Total suspended solids (TSS) and turbidity values were kept at acceptable levels for both species. Despite the higher input of feed and consequently nitrogen in the treatments where tilapia was present, the average TSS values were significantly higher where tilapia was not present, even though the biomass produced with the shrimp + fish integration was higher in these treatments. That is, the higher nitrogen input was not reflected in bacterial biomass accumulation as expected in a shrimp monoculture biofloc system, evidencing the consumption of solids by tilapia, which demonstrates an ecological benefit.

Despite higher feed inputs in the IMTA DT and IMTA ST treatments when compared to the MONO treatment, orthophosphate levels were not affected by the presence of the fish. This shows that the presence of tilapia in integration with shrimp is a viable alternative for greater recycling of nutrients in the culture system.

The presence of tilapia in the integrated system with shrimp together in the same pond negatively affected shrimp performance, possibly due to the higher biomass (shrimp + fish) in the same pond. Shrimp growth is density dependent: the higher the stocking density, the lower the weight of the individual, so the density of shrimp combined with the density of fish in a small area (bottom area of 0.36 square meters), together with a total initial biomass 2.2 times higher than the shrimp that were grown in the Mono and IMTA DT treatments likely contributed to the decreased zootechnical performance of the shrimp in the tilapia in treatment.

Also, the tilapia may have consumed some the shrimp feed or even ingested some of the shrimp. This could explain the better performance of the tilapia when grown in the same pond as the shrimp. And the total suspended solids were a possibly significant source of energy for the tilapia, as the FCR was 0.6 in IMTA DT and 0.3 in IMTA ST treatments. Other authors have observed low feed conversion rates for tilapia (from 0.21 to 0.24) when fed with 1 percent of the biomass.
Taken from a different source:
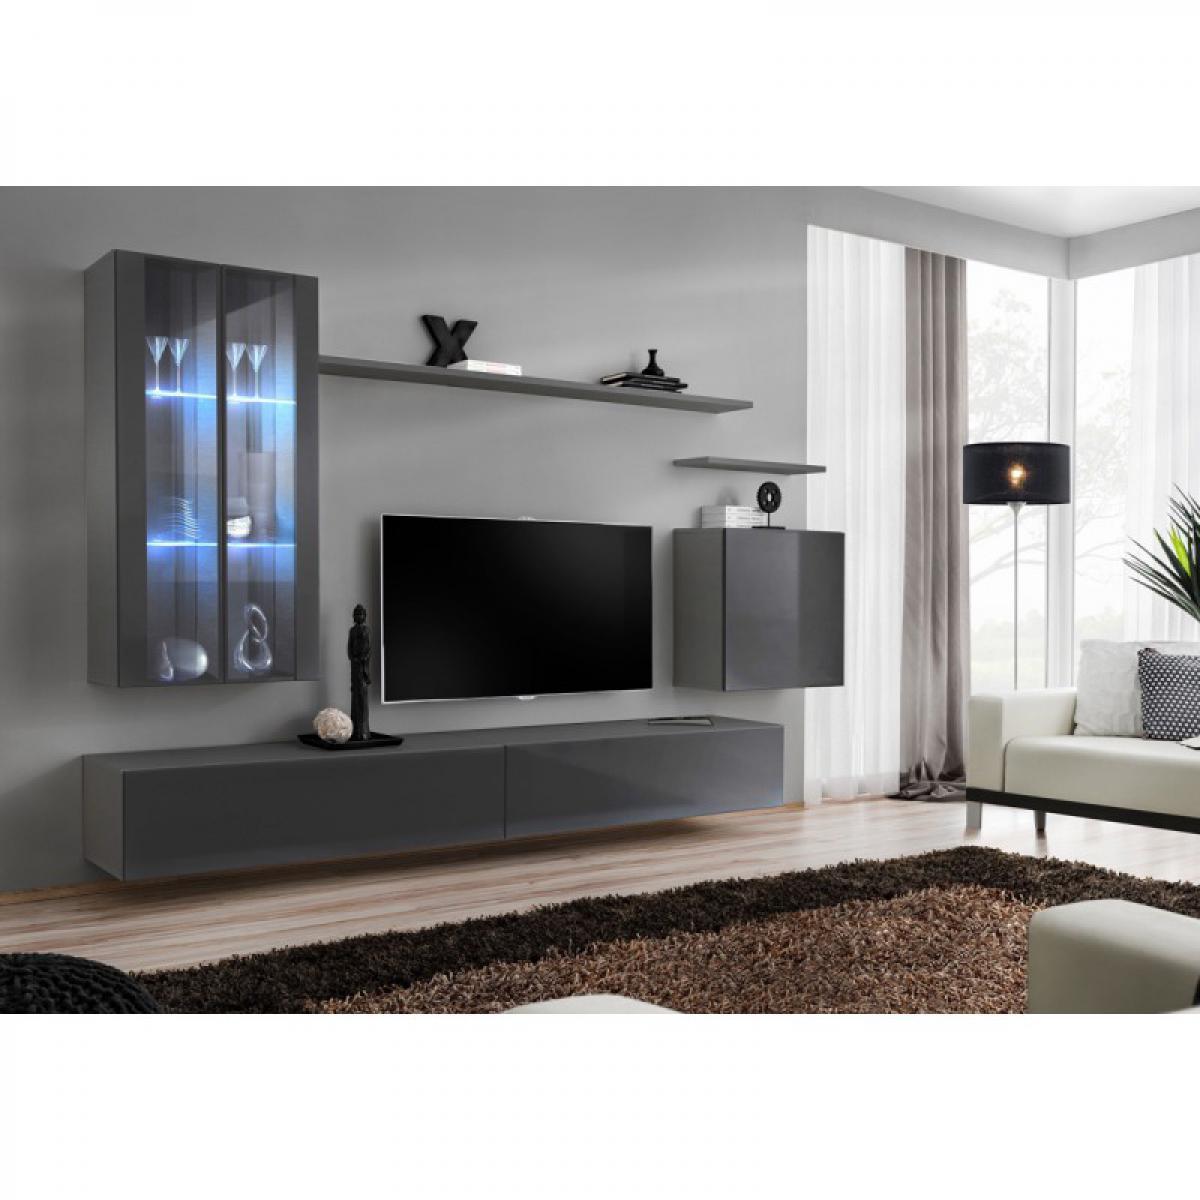 Ac-Deco Meuble TV Mural Design Switch XII 270cm Gris

In the IMTA ST treatment, the FCR was much lower with double the growth and productivity of tilapia when compared to the IMTA DT. This result shows that if we increase the feeding rate of the tilapia when growing in separate tanks from the shrimp, tilapia will possibly still exert its ecological role in the integrated system as a consumer of bioflocs and show higher growth rates, as seen in the IMTA ST treatment. Even though undernourished, the tilapia fed on flakes had weekly growth rates expected for culture in biofloc systems. Similar results of biofloc consumption by tilapia when growing in integrated shrimp culture have been observed in other studies.

Various authors have reported IMTA systems as the only practical remediation approach with the prospect of generating revenue by diversifying production, with the goal to increase long-term sustainability and profitability per culture unit (and not by species, as practiced in monocultures) by recovering some of the nutrients and energy lost in monocultures, turning them into additional products with commercial value.

The integrated culture of Pacific white shrimp and Nile tilapia is a way to diversify production and improve the profitability of aquaculture. The final biomass of our IMTA DT and IMTA ST treatments doubled the final biomass of shrimp monoculture, justifying the use of IMTA and proving it to be an ecologically and economically viable alternative. It is worth noting that it was possible to increase the total biomass produced in the IMTA DT treatment by 175 percent without affecting the specific growth rate and feed conversion of the shrimp.


Our data shows that tilapia were efficient in consuming and maintaining TSS levels in the integrated system with shrimp, and did not negatively affect water quality. The zootechnical performance of L. vannamei shrimp was impaired when growing in the same tank as the tilapia. Therefore, based on our results, the best integrated super-intensive system for L. vannamei and O. niloticus in the tilapia-to-shrimp ratio of 0.49 is in separate tanks, as we observed in the IMTA DT treatment.

We recommend that, under the experimental conditions we tested, shrimp and fish be grown in separate tanks so that the producer can have two final products for marketing at the end of the production cycle without negatively affecting shrimp production.